|
In the Forth Annual Leonard Sainer
Lecture (26/11/96), Lord Hoffmann summarised the position
as follows:
"In a recent case in the Court
of Appeal it was said that the question which the court had
to ask was whether a directors conduct had fallen below the
standard of probity and competence required by the law of
a person concerned in the management of a company. It did
not actually say what that was. But what that shows is that
the court is not concerned merely with probity. Incompetence
is also, at any rate in theory, a ground of disqualification.

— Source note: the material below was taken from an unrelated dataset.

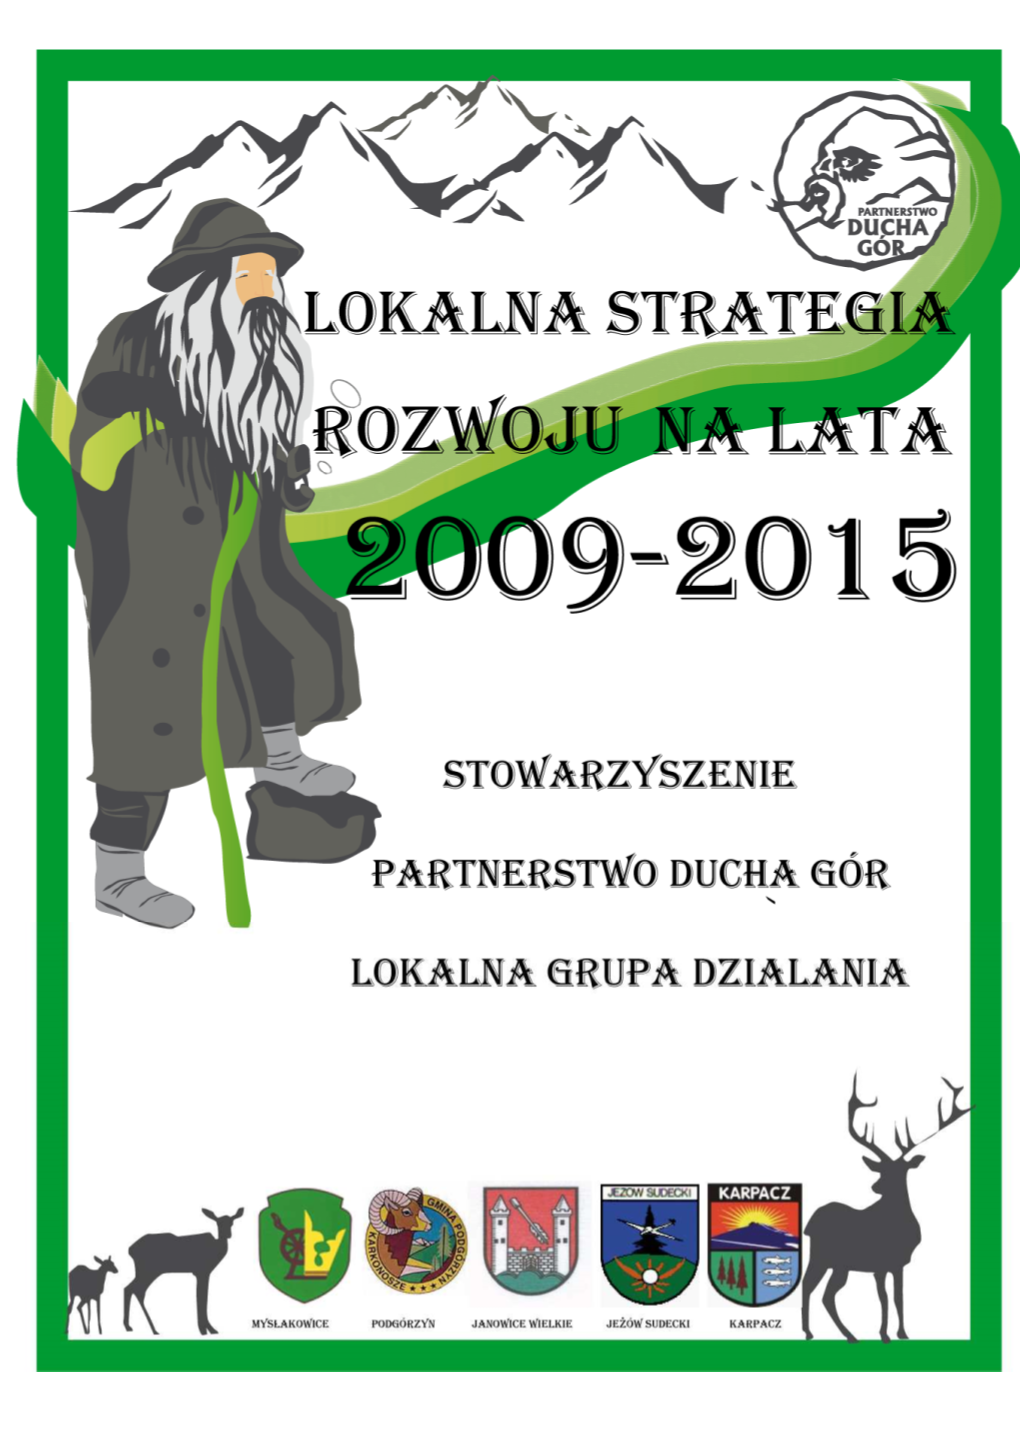 Lokalna Strategia Rozwoju – Partnerstwo Ducha Gór 2009-2013
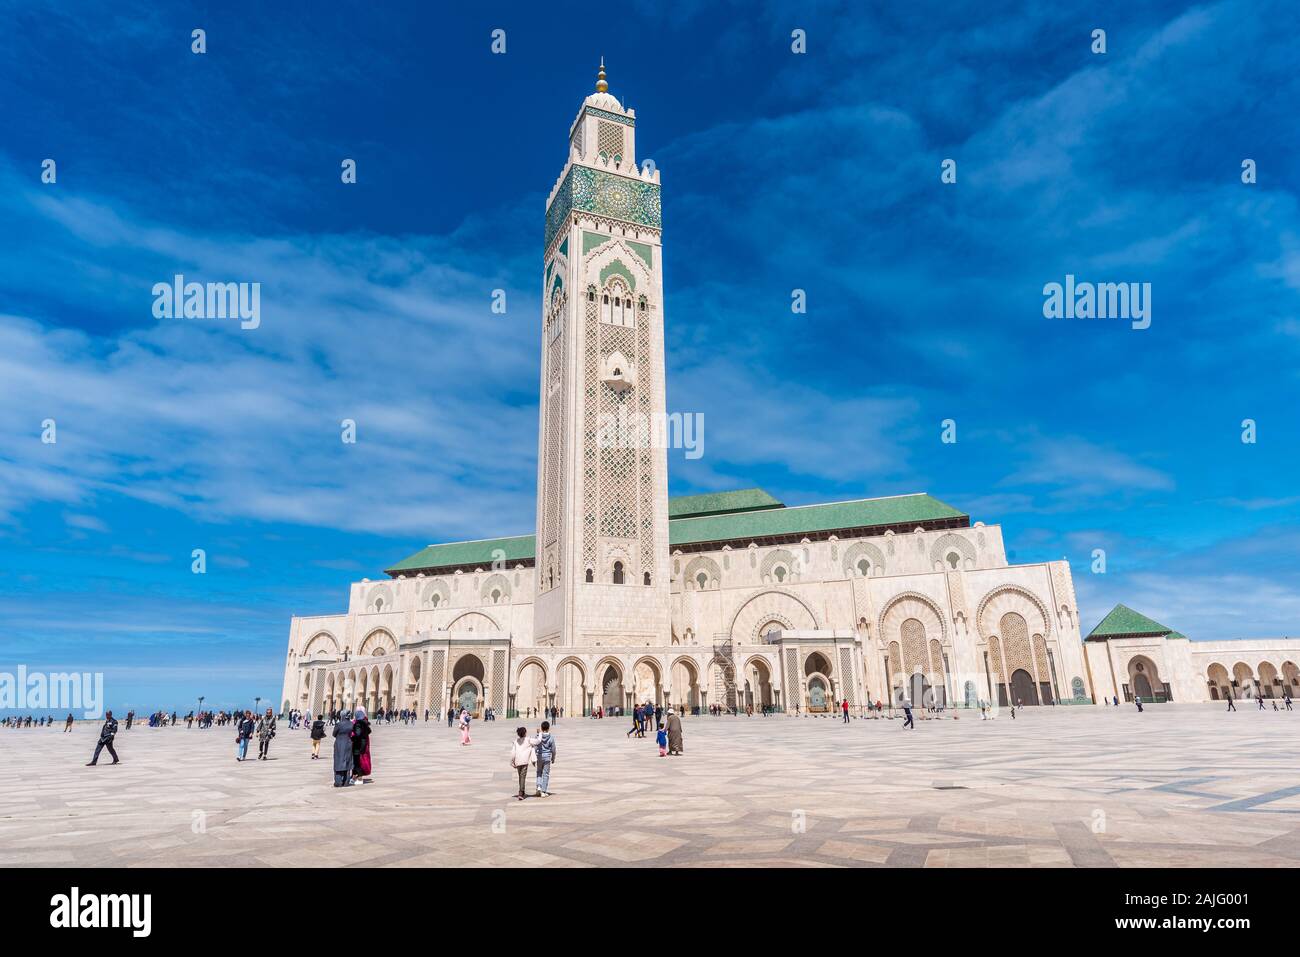 Casablanca, Maroc : l'extérieur de la Mosquée Hassan II, la plus grande mosquée d'Afrique, et le 5ème plus grand au monde. Son minaret est le plus haut du monde Banque D'Images

And yet the cases in which directors have been disqualified
simply for incompetence have been extremely rare. The courts
tend to emphasise the importance of conduct which does not
constitute some breach of accepted commercial morality. This
attitude has been attacked by writers, or some of them, as
giving insufficient effect to the protective purpose of the
statute. To the creditors who lose their money, it does not
especially matter whether the people running the company were
dishonest or merely genially incompetent. It is said that
incompetent directors ought to be put off the road for a while
like incompetent drivers, simply for the protection of members
of the public. But the courts have never completely accepted
this philosophy and I want to explain why.
Firstly, disqualification is a
very serious matter. In theory it does not prevent the director
form going back into business as a sole trader but in practice
it may make it very difficult for him to earn a living. A
finding that a director was unfit carries with it a mandatory
2 year period of disqualification and it does not matter that
the unfortunate conduct in question happened several years
before and it had taken the intervening period for the Department
of Trade to wind itself up to bring the proceedings and that
since then the director has gone on to run a prosperous business.
The trouble with mandatory sentences, as was found when the
mandatory sentence for sheep stealing was death and no doubt
will also be found under the new mandatory sentences which
the Government proposes to introduce, is that the sentence
is too harsh, it will be very reluctant to convict at all.
Secondly, where the law does not
require any kind of qualification for becoming a director,
it is not easy to fix an ex-post facto standard of competence
for disqualification.
Thirdly, the process by which people
land up at the receiving end of an application for disqualification
is bound to be fairly arbitrary. It depends first of all upon
the directors incompetence having been followed by the insolvency
of the company. Whether or not this happens is very often
a matter of luck. A rise in the market can compensate for
the effect of some perfectly hair raising piece of incompetence.
One is very conscious of how thin is the line between success
leading to wealth and knighthood and failure leading to disqualification
or even imprisonment. Indeed, the defendants in the Guinness
case had landed on both the snakes and the ladders in the
course of their careers.
Fourthly, the disqualification
procedure is necessarily weighted against the defendants.
The applicants have all the resources of the State. The defendants,
as directors of insolvent companies, tend to be a bit short
of money and unless they are on legal aid they cannot afford
the considerable expense of instructing solicitors to defend
them. I had a case myself about a young printer whose company
had become insolvent and he decided to defend himself. He
struck me as honest and at least as intelligent as a number
of rich and successful businessmen who had given evidence
before me in the past. To his obvious astonishment. I dismissed
the summons.
So the cases under the Disqualification
Act are therefore directed to a special problem, that is to
say the abuse of limited liability. The points which they
raise are concerned mostly with fairness under the insolvency
law and the obligations of a businessman to his creditors
rather than general corporate government."